Acceptable Risk
- First edition (US)
- Author: Robin Cook
- Cover artist: One Plus One Studio Don Braughtigam
- Language: English
- Genre: Novel
- Publisher: Putnam (US) Macmillan (UK)
- Publication date: 1995
- Publication place: United States
- Media type: Print (hardback & paperback)
- Pages: 404
- ISBN: 0-333-64223-6
- OCLC: 33206734
- Preceded by: Fatal Cure
- Followed by: Contagion

= Acceptable Risk (novel) =

Novel by Robin Cook

Acceptable Risk is a 1995 novel by American author Robin Cook.

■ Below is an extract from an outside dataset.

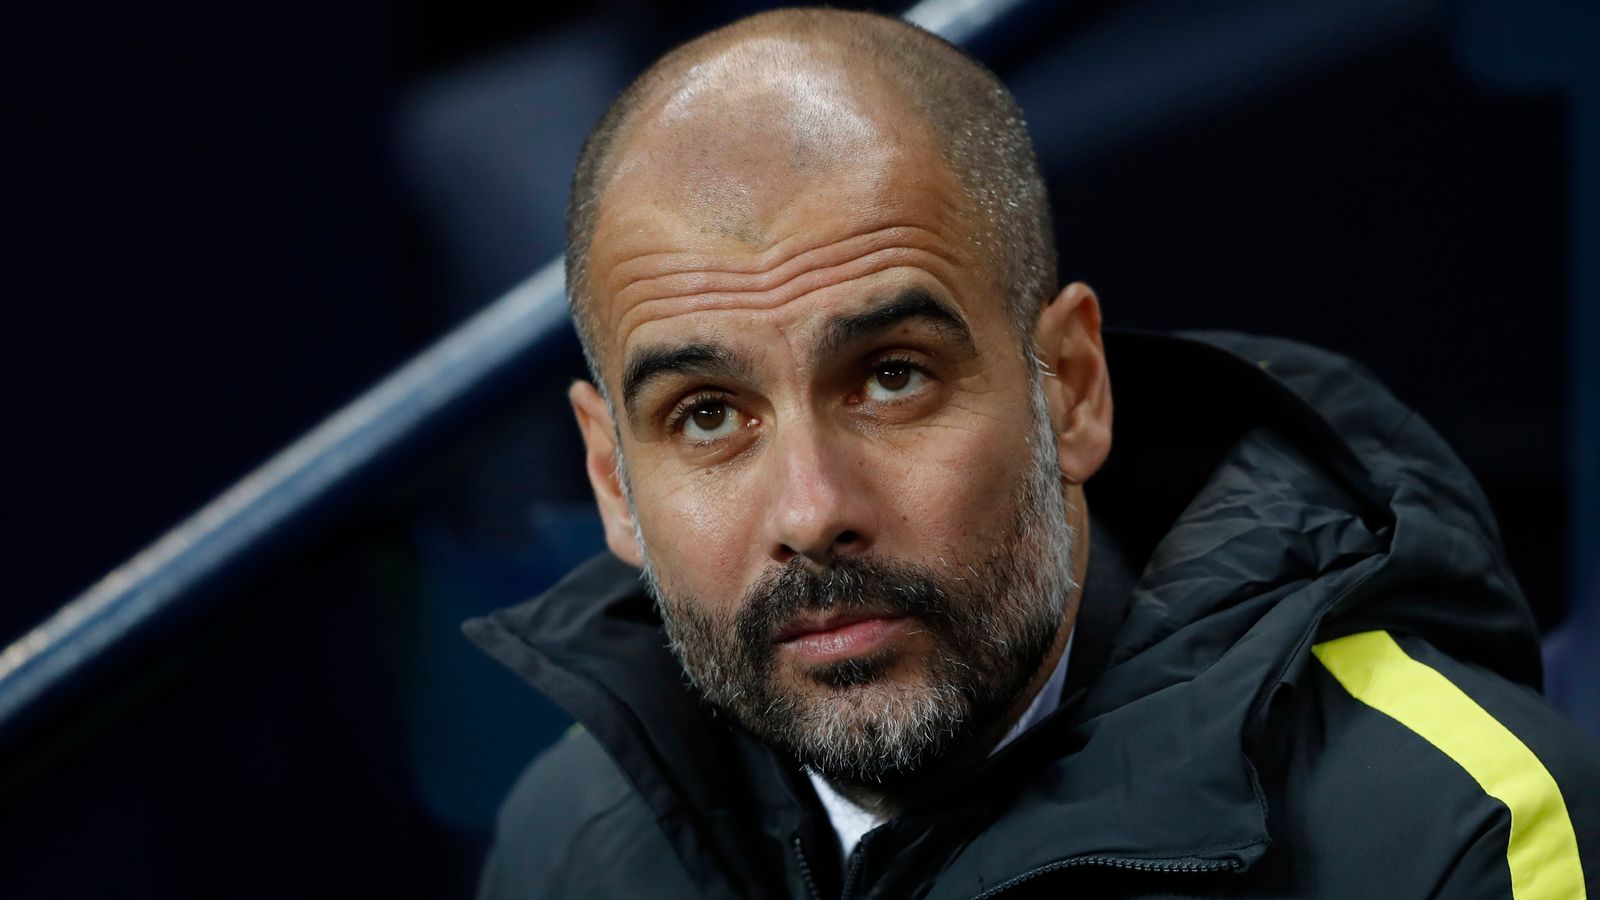 Pep Guardiola warns stars 'you have to be careful' on social media after burglary at Jack Grealish mansion

A scientist, Edward Armstrong, discovers a mold in a spooky old house he lives in with his girlfriend. In order to test his theory that the discovery could help people feel calm in extreme situations, the scientist injects himself and his fellow scientists with the mold. The man undergoes some strange changes, which may or may not have something to do with the house's first owner, a woman who was hanged under suspicion of being a witch. Are the side effects worth the benefits? What if the side effect was something that had never been seen before? This book explores the practice of designer drugs.

The novel was made into a TV film in 2001, directed by William A. Graham, and starring Chad Lowe and Kelly Rutherford.

==Synopsis==
The book opens with the Salem Witch Trials of 1692 where Elizabeth Stewart is prosecuted on suspicions of being a witch. This occurs on the insistence of witnesses who see children acting strangely after eating rye bread. Despite the pleas of her husband who happens to be a wealthy shipbuilder, she is executed at the insistence of Reverend Increase Mather, who convinces her husband with mysterious evidence.

Three hundred years later, the Stewart family fortune is inherited by Kimberly Stewart, a nurse. Kim is introduced to the brilliant scientist Edward Armstrong by their mutual friend Stanton Lewis. The two immediately fall in love. A casual visit to her old family house in Salem proves to be a turning point in the story. In the basement of the old house, Edward finds a new strain of Claviceps purpurea which induces a great sense of calmness, sexual drive, confidence, etc. Edward immediately assembles a team and begins working on developing the new drug with help from Stanton. To save time, Edward and his team start taking the drug themselves. During this time, Kim is working on finding out about the evidence that was used to convict her ancestor. Finding out that the evidence is in the possession of Harvard University, she makes inquiries in that direction.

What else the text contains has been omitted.